ENTRIES SHOWN:
-*-

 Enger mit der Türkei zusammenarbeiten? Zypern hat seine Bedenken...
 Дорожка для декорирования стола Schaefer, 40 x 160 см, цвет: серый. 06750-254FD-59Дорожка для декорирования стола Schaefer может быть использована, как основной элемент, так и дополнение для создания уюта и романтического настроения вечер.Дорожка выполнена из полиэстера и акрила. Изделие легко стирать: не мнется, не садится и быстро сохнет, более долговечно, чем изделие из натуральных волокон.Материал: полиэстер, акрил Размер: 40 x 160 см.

-*-

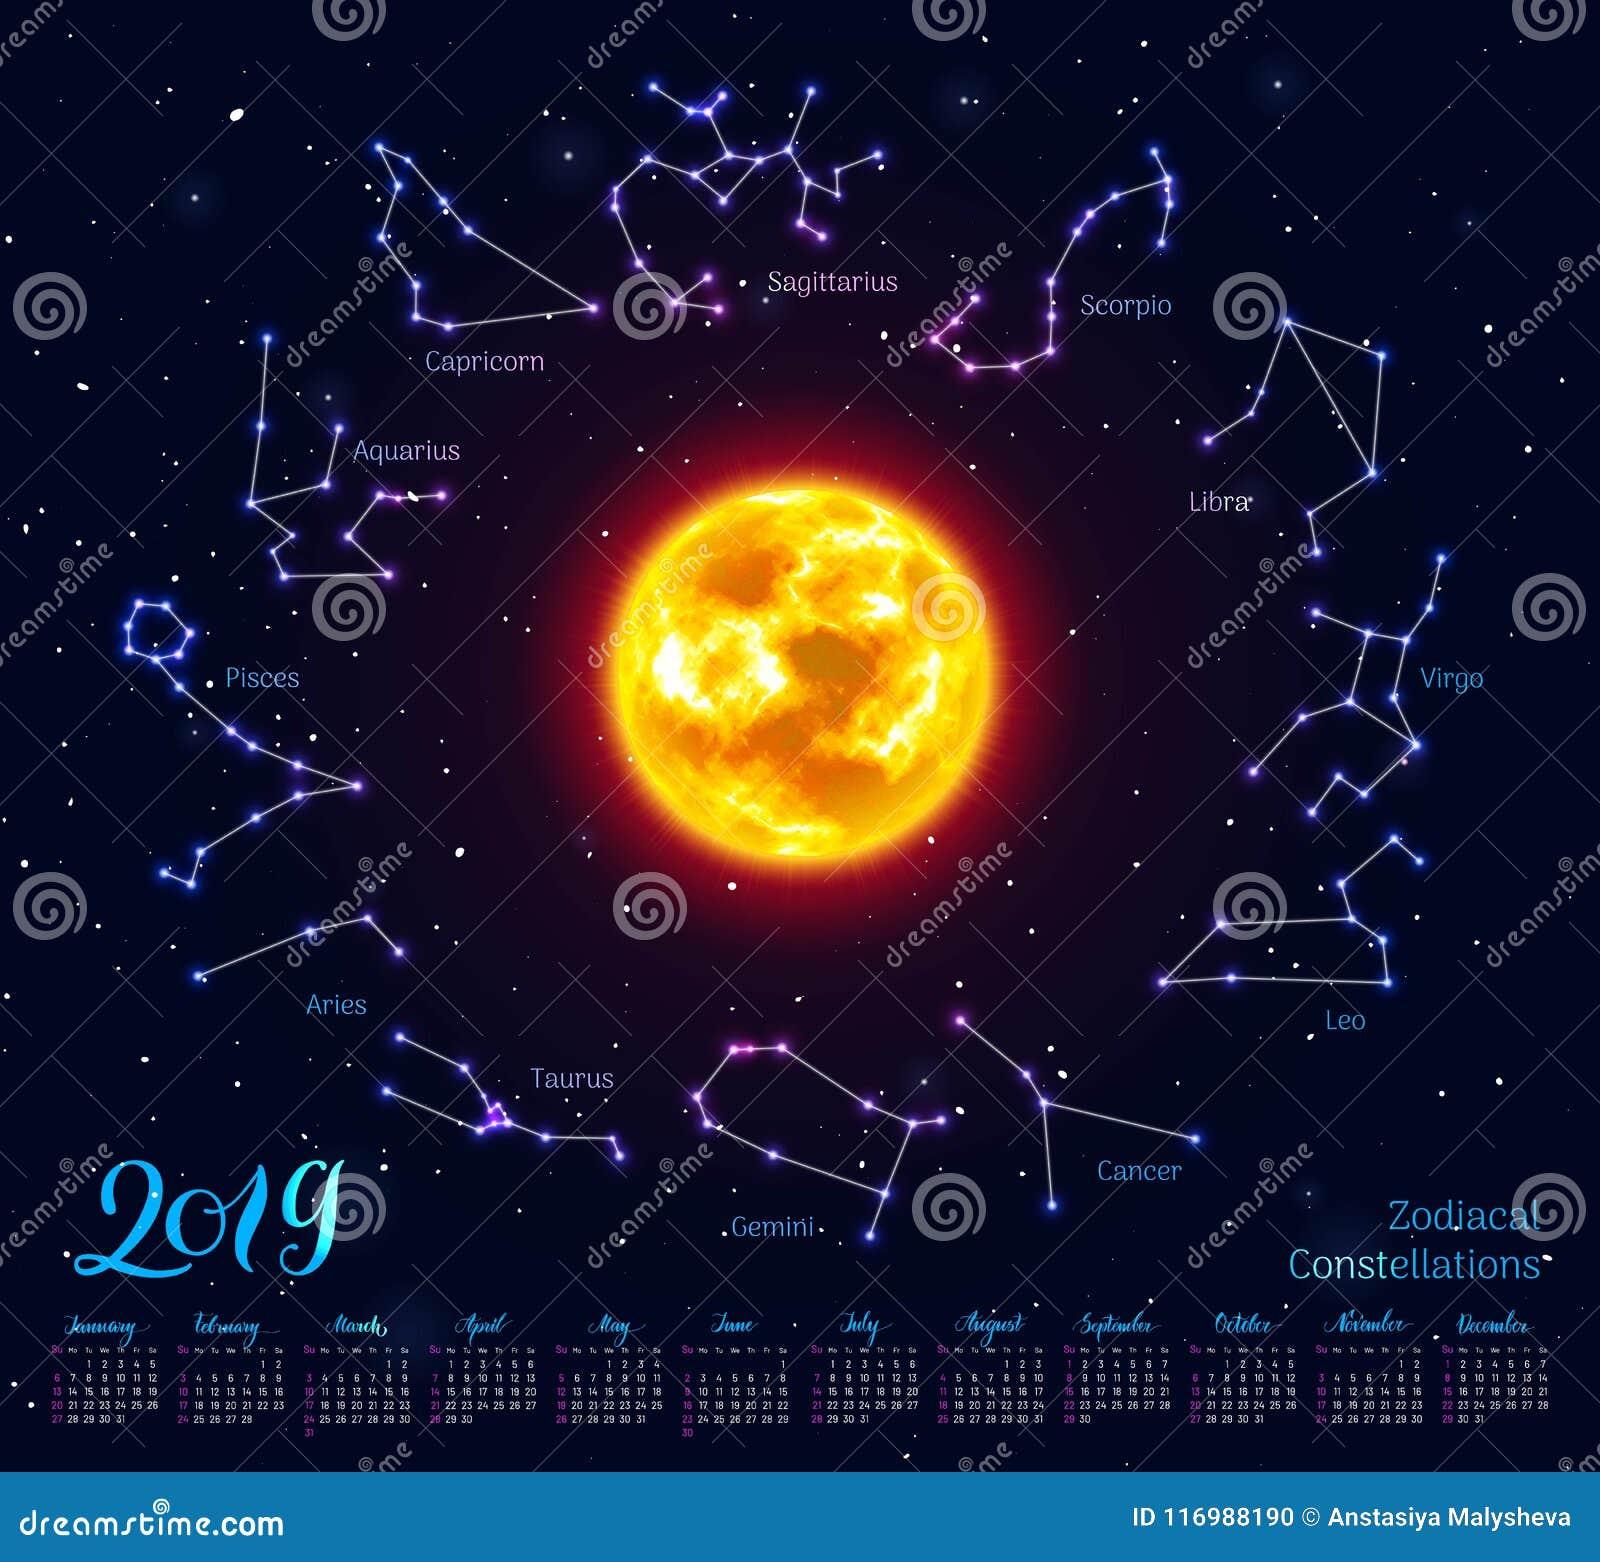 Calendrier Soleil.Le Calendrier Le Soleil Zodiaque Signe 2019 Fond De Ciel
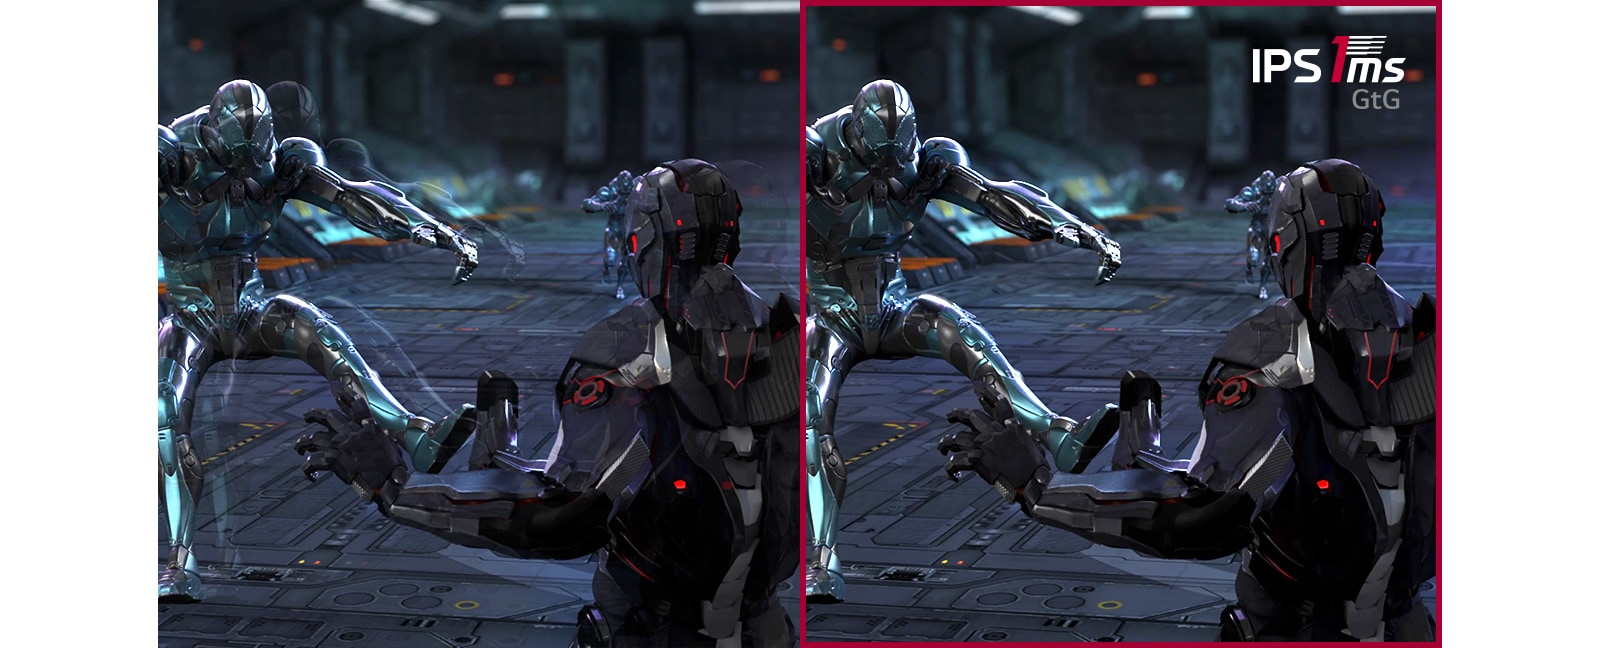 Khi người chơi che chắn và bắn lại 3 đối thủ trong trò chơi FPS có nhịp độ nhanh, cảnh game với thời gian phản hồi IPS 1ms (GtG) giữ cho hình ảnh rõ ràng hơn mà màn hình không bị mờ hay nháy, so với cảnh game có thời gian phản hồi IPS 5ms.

-*-

BRIEF: Where the listing above reaches the line that contains "Enger mit der", start retyping, and finish with the line that contains "Дорожка для декорирования стола Schaefer, 40"; reproduce those lines exactly and no others.

THE ANSWER:
 Enger mit der Türkei zusammenarbeiten? Zypern hat seine Bedenken...
 Дорожка для декорирования стола Schaefer, 40 x 160 см, цвет: серый. 06750-254FD-59Дорожка для декорирования стола Schaefer может быть использована, как основной элемент, так и дополнение для создания уюта и романтического настроения вечер.Дорожка выполнена из полиэстера и акрила. Изделие легко стирать: не мнется, не садится и быстро сохнет, более долговечно, чем изделие из натуральных волокон.Материал: полиэстер, акрил Размер: 40 x 160 см.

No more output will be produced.